It's 2 AM. You're Wide Awake. Again.
You have torn off your CPAP mask for the third time tonight. The air pressure feels like it is inflating your stomach. The mask leaks every time you shift positions. Your partner is awake — not because of your snoring this time, but because the machine is wheezing and gurgling on the nightstand.
And you are lying there thinking: Am I going to have to do this for the rest of my life?
Maybe you have tried different masks. Maybe you have adjusted the pressure settings three or four times. Maybe you have watched every YouTube video on CPAP tips and called your equipment provider twice. And nothing has changed. The mask still feels like a cage on your face, and every morning you wake up more exhausted than when you went to bed — which is exactly the problem CPAP was supposed to fix.
If this is your experience, we need you to hear something that your doctor, your equipment provider, and the CPAP industry have probably not told you.
Here's What Nobody Tells You About CPAP
Fifty percent of CPAP users stop using their machine. That is not a fringe statistic. It is the reality documented in study after study over the past two decades.
A French study tracking 365,000 CPAP patients found that 31.5 percent never even picked up their prescribed machine from the equipment supplier. Of those who did, 24 percent quit within the first year. And the most telling finding of all: despite 20 years of better machines, improved masks, app-based monitoring, and expanded support programs, CPAP compliance rates have not improved.
Read that again. Billions of dollars in innovation, and the same percentage of patients fail today as failed in 2005.
This is not a patient compliance problem. This is a treatment design problem. CPAP asks you to sleep with a mask strapped to your face, a hose running to a bedside machine, and pressurized air being forced into your airway all night long. For many people — perhaps most people — that is simply not a sustainable way to sleep for the rest of their lives.
The Problems You Are Dealing With Right Now
Claustrophobia & Panic
63 to 84 percent of non-adherent CPAP users cite claustrophobia as the number one reason they cannot continue
Mask Leaks & Fit Problems
Constant readjustment, red pressure marks on your face, skin breakdown on your nasal bridge
Dry Mouth & Aerophagia
Swallowing air that causes bloating, stomach discomfort, and symptoms that mimic acid reflux
Skin Irritation & Sores
Forehead strap marks, nasal bridge pressure sores, and acne breakouts from nightly mask wear
Noise & Partner Disruption
Machine gurgling, hose noise, mask whistling — now your partner is losing sleep because of the treatment, not the snoring
Travel & Lifestyle Burden
TSA screenings, distilled water hunts, power outlet requirements, and the impossibility of camping or spontaneous travel
You Are Not a Failure.
When a treatment fails half its users, the problem is not the patient.

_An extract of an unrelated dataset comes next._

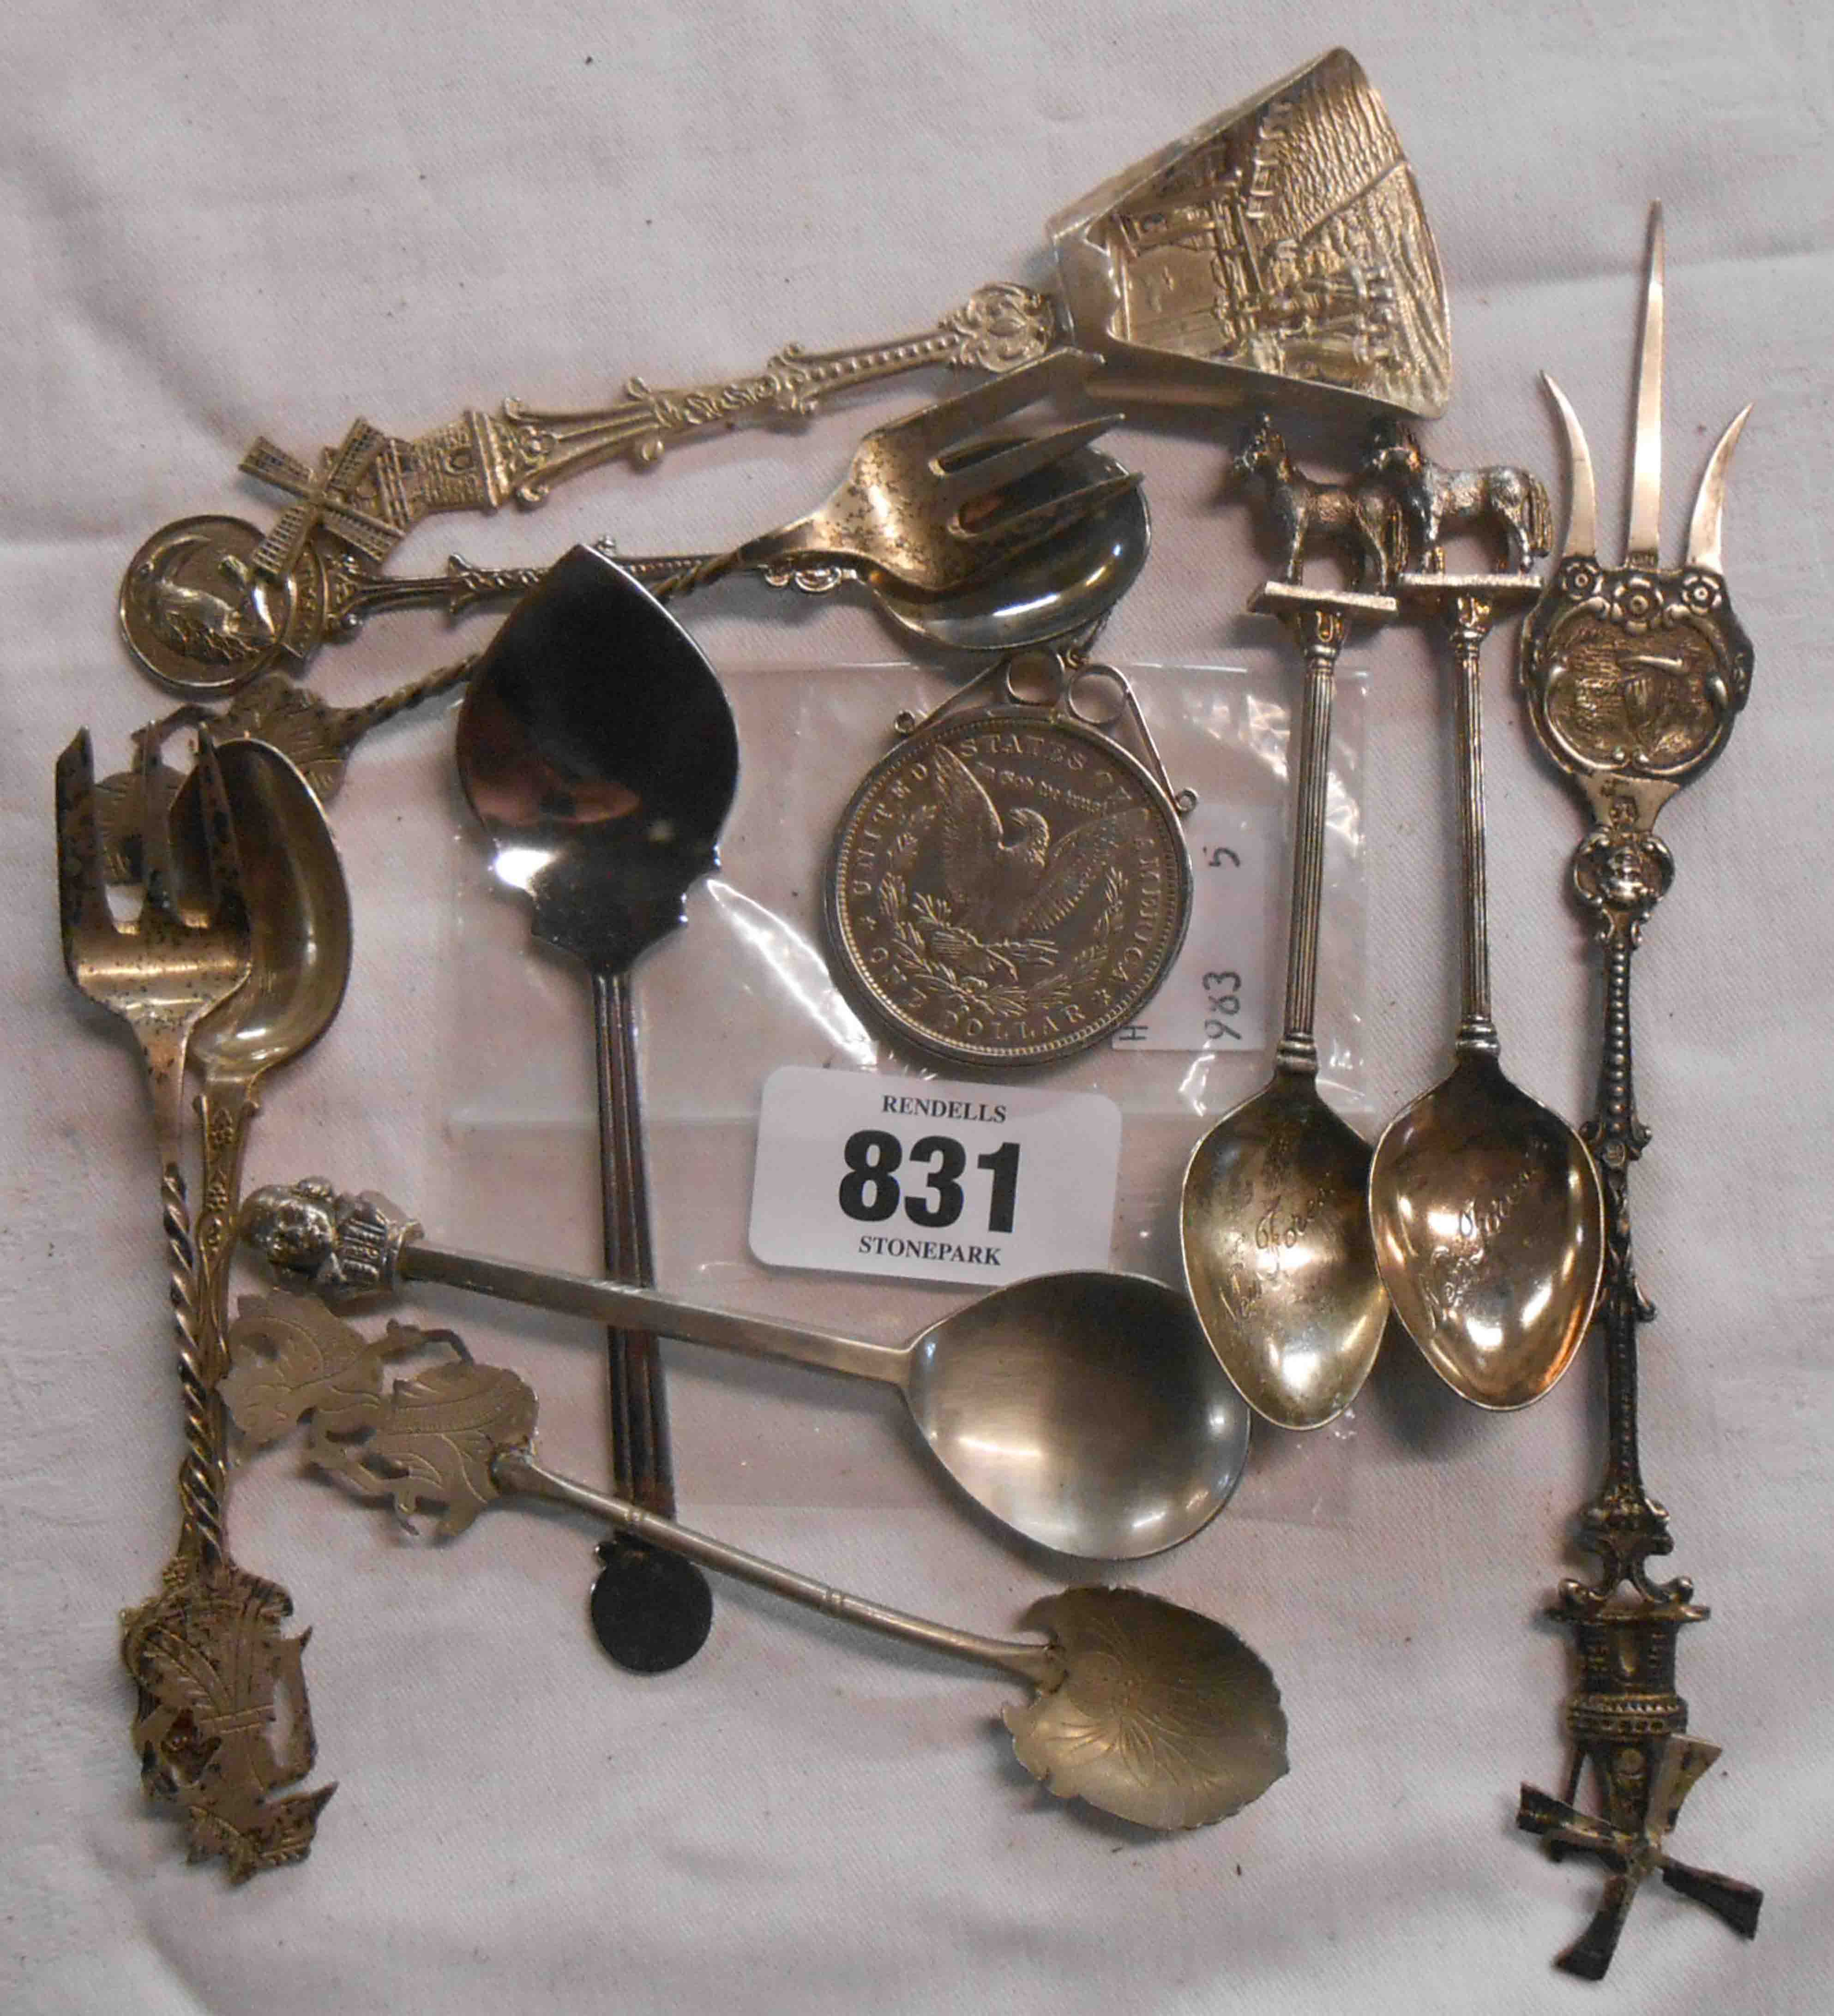 A silver dollar and a quantity of souvenir spoons

The problem is the treatment.
And alternatives exist.
What If You Could Treat Sleep Apnea Without a Mask?
Imagine sleeping with something that feels like a clear retainer instead of a mask strapped to your face. No hose. No machine. No electricity. No noise. You can talk, drink water, sleep on your side, sleep on your stomach — and your partner cannot even tell you are wearing it.
That is oral appliance therapy. And it is not new or experimental — it has been FDA-cleared, recommended by the American Academy of Sleep Medicine, and used by hundreds of thousands of patients for decades.
Here is what the research shows:
- Reduces sleep apnea severity by more than 50 percent in 70 percent of patients
- Completely resolves symptoms in 33 percent of patients
- Approximately 90 percent compliance — compared to roughly 50 percent for CPAP
- 80 percent of patients prefer oral appliances over CPAP
- A two-year randomized controlled trial found no significant difference in treatment success between OAT and CPAP
- Costs 165 percent less than CPAP at 3 years and 220 percent less at 5 years
This is not a compromise. For many patients, it is simply a better fit — literally and figuratively.
The Man Who Built America's First CPAP Company — and Why He Walked Away
Our Sleep Director, Thomas D'Acquisto, did not start out as a CPAP critic. He was a CPAP champion.
In 1986, Thomas dedicated his career to helping people with sleep apnea breathe at night. By 1995, he had founded America's first CPAP-exclusive Durable Medical Equipment company. He believed in CPAP. He built his professional life around it.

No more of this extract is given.